A seagull perched on the railing of the abandoned fishing pier. It was just like it used to be—the two of them, no words necessary. She wanted to ask how he was doing, to make sure he was okay without her.
“Tell me about your sister,” he said.
“Her name’s Kaitlin. She’s eighteen and she’s a senior in high school.”
“Just like Elise.”
“That’s right. It seems we both have kid sisters. Anyway, my father said she came to South Beach with some friends, but Kaitlin and another girl have been missing since Friday.”

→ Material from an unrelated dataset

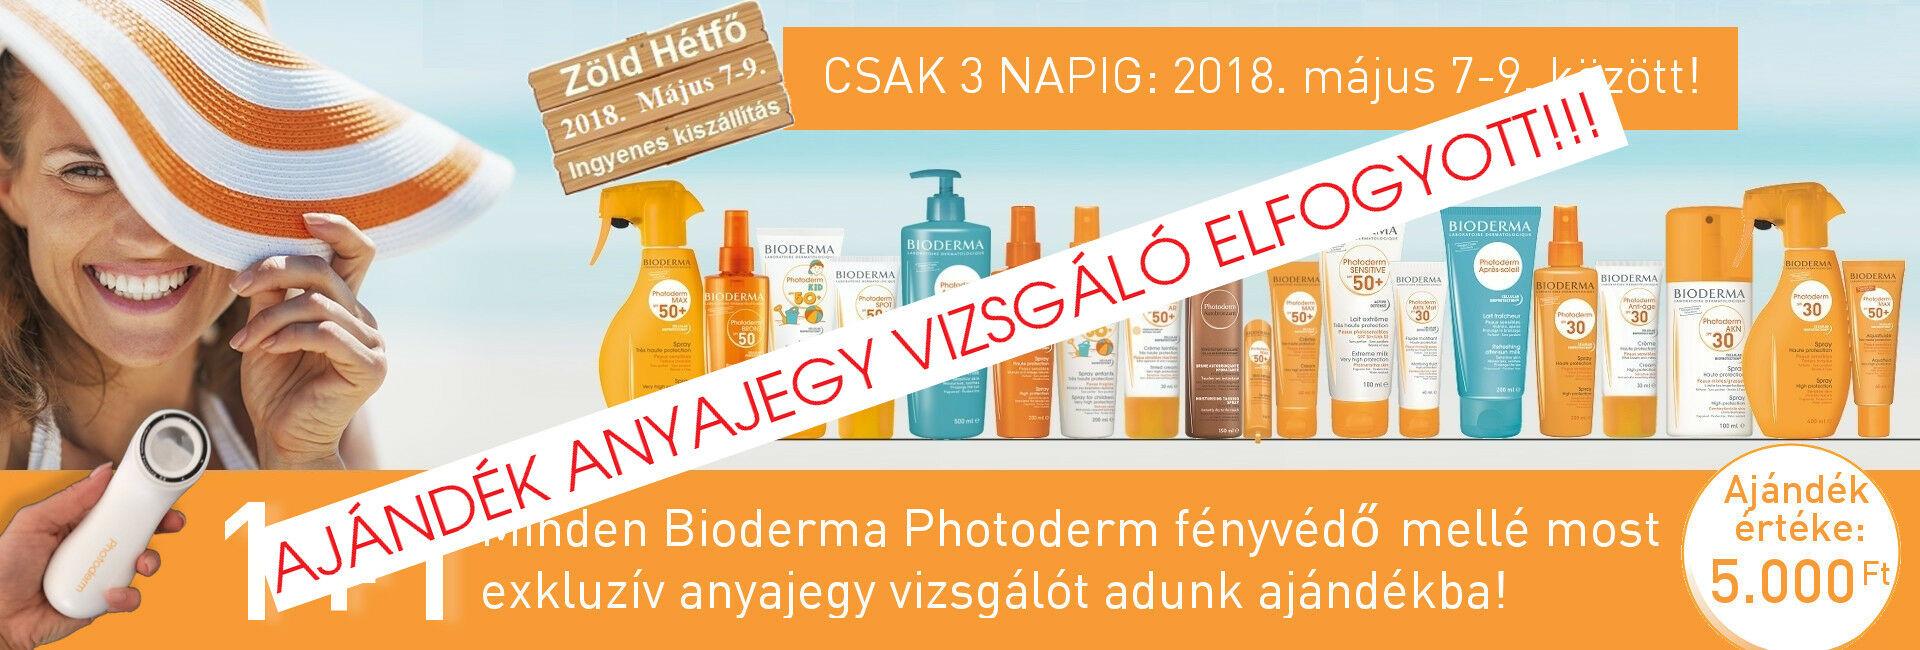 2018. május 7-9. között minden Bioderma Photoderm fényvédő mellé ajándékba adunk 1db exkluzív Bioderma Photoderm anyajegyvizsgálót!

“Two days. Not so long.” Jeremy ran his finger across the smooth surface of the rock he was sitting on. “Maybe they wanted to disappear.”
“Maybe. I told my father I couldn’t help him and to go to the police. And I really didn’t want to help him. I was so mad at him. And also at this daughter of his who took him from me. Who had him her whole life. And I’m thinking, this girl’s nothing to me. I feel no connection or responsibility for her.”
Jeremy frowned.
“Then, I looked at her photo. And Jeremy, it was so strange. Instead of her being some random person, it was like looking at myself at her age. An
d I thought, dear God, I have a sister that I don’t even know. I have to find her.”
“Then you should.”
She watched the waves break against the pier pilings. “I know this sounds stupid, but I’m afraid.”
“Of?”
“What if she doesn’t want to know me? She’s eighteen. She’s grown up without me. She’s had a father and a mother and her own life. Maybe she’s not interested in complicating it with a half sister.”
He touched her chin with the tip of his finger and turned her face toward his. “You know, Robbie, you can’t keep avoiding relationships because you’re afraid the people you care about will push you away.”
There was something in his eyes that made her wonder who he was talking about.
He shifted toward her, so close she could see the short brown and gold hairs of his moustache touching the edge of his lips.
So close. So close. The sound of crashing waves and screeching seagulls surrounded them. At first, she didn’t realize her phone was ringing inside her satchel.
Jeremy pulled away. “Answer it.”
“No, that’s okay.”
“Go ahead.”
The moment was lost. She reached inside her bag and pulled out the cell. Brett’s name flashed on the screen.
“Take your call,” Jeremy said.
Before she could object, Jeremy strode across the boulders and stood a few feet away. Robbie flipped open her phone. “Hi.”
“Hey baby. It’s been a bitch of a day.” Brett sounded cheerful. “Can’t believe I had to work on a Sunday, but in the PR world, there’s no rest for the weary.”
She studied Jeremy in profile against the backdrop of waves spilling against the coastline, towering condos and hotels fading into purple.
“Robbie?” Brett was saying. “Are you there?”
“Yeah. Sorry.”
“How about meeting me at Segafredo? We can get a drink. Maybe have some dinner.”
“Dinner?” Hadn’t she been thinking about calling him for dinner?
“Sure. I’ve got all night.”
“Actually, something’s come up,” she said, watching Jeremy massage his hand.
“And maybe we can see a movie later.”